3. The process of claim 2 further including the steps of:
(a) subjecting the dough sheet to proofing at an elevated temperture; and (b) docking the dough sheet after said proofing.

4. The process of claim 1 wherein said baking and frying steps include:
(a) baking the dough piece in an oven for a minute or less at a temperature of 375° to 550° F.; and (b) submerged frying said dough piece for less than twenty seconds at a temperature of 390° to 415° F.

5. A process of preparing a crust comprising the sequential steps of:
(a) preparing a sheet of dough using a wheat flour and having upper and lower surfaces;
(b) proofing the dough sheet;
(c) docking the dough sheet to provide a plurality of spaced apart docking holes which extend through the dough sheet and to connect the upper and lower dough surfaces, said holes being large enough such that they do not close during cooking;
(d) cutting the sheet into individual dough pieces;
(e) baking each dough piece at a temperature and for a time sufficient to partially cook the dough forming a set, uniform, bready interior, the upper and lower dough surfaces and the surfaces through the docking holes being exposed to direct heat during baking and becoming hard forming a bond between the upper and lower surfaces of the dough, and sealing the dough surfaces against substantial oil penetration; and (f) submerging the partially-cooked piece in heated fat at a temperature and for a time sufficient to fry the baked dough.

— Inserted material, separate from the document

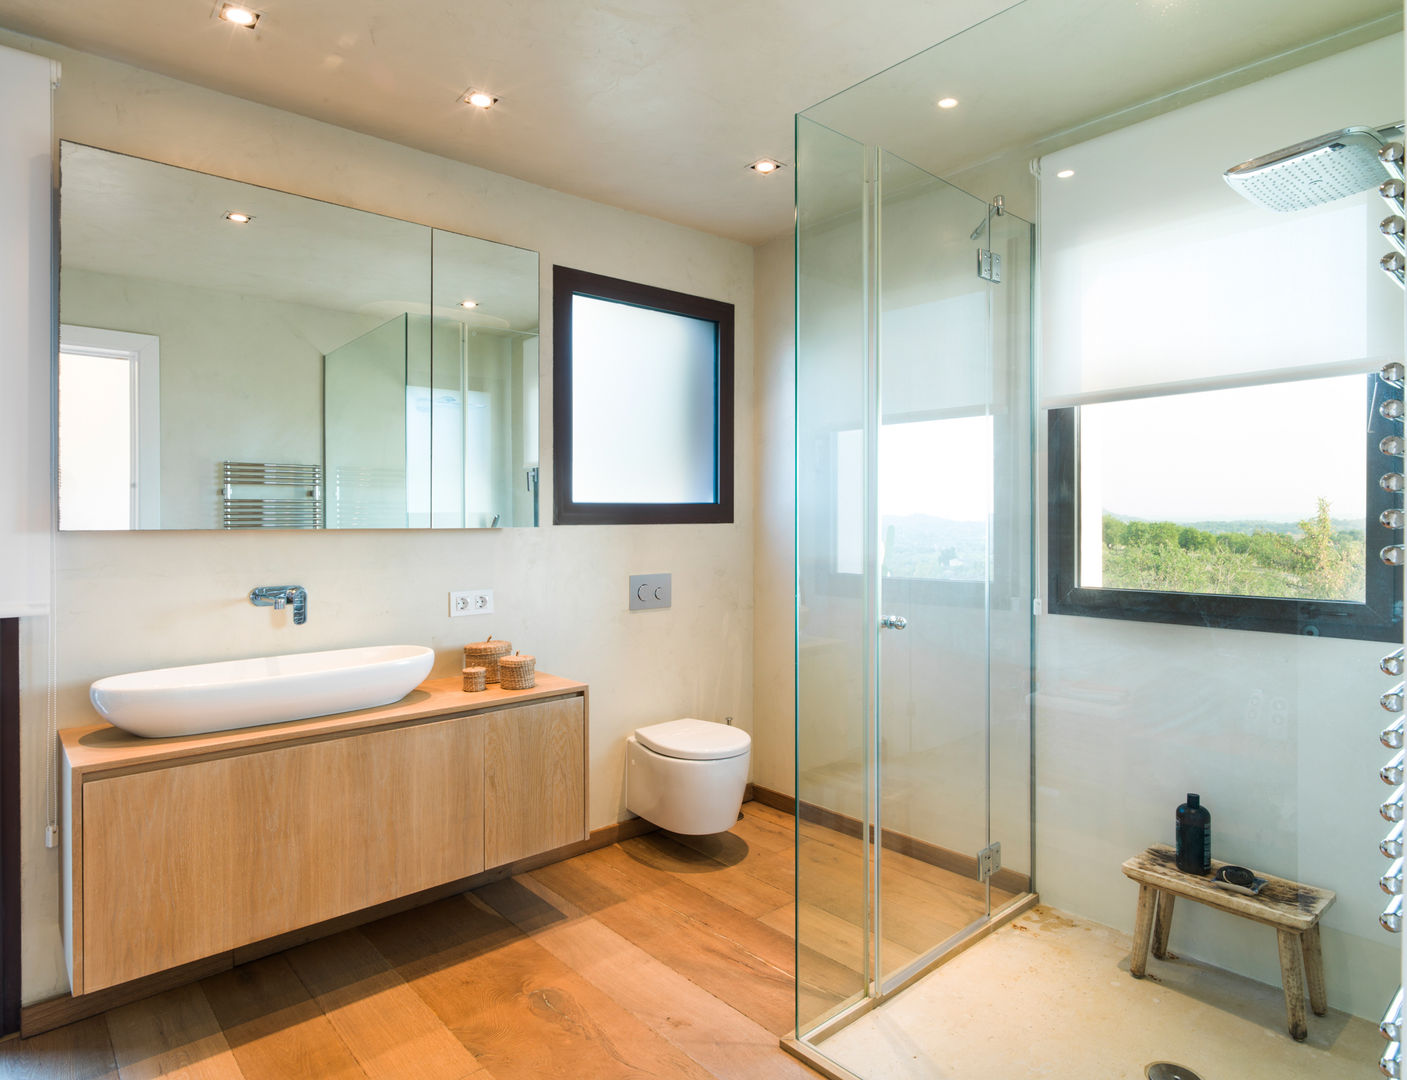 baño suite margarotger interiorisme Baños modernos

6. The process of claim 5, wherein:
(a) said wheat flour has a protein content of 10% or less.

7. The process of claim 5 wherein:
(a) said proofing comprises resting said dough sheet before docking for from two and one-half to fifteen minutes and at a temperature of 85° to 110° F.

8. A delamination resistant pizza crust, comprising:
(a) a generally flat dough structure composed of cooked dough having a moist, chewy, bready interior and a relatively dense upper and lower surfaces;
(b) said crust having a plurality of spaced-apart holes therein which extend through the dough between its top and bottom surfaces; and (c) said crust having a baked interior and an outer surface baked and then fried crisp.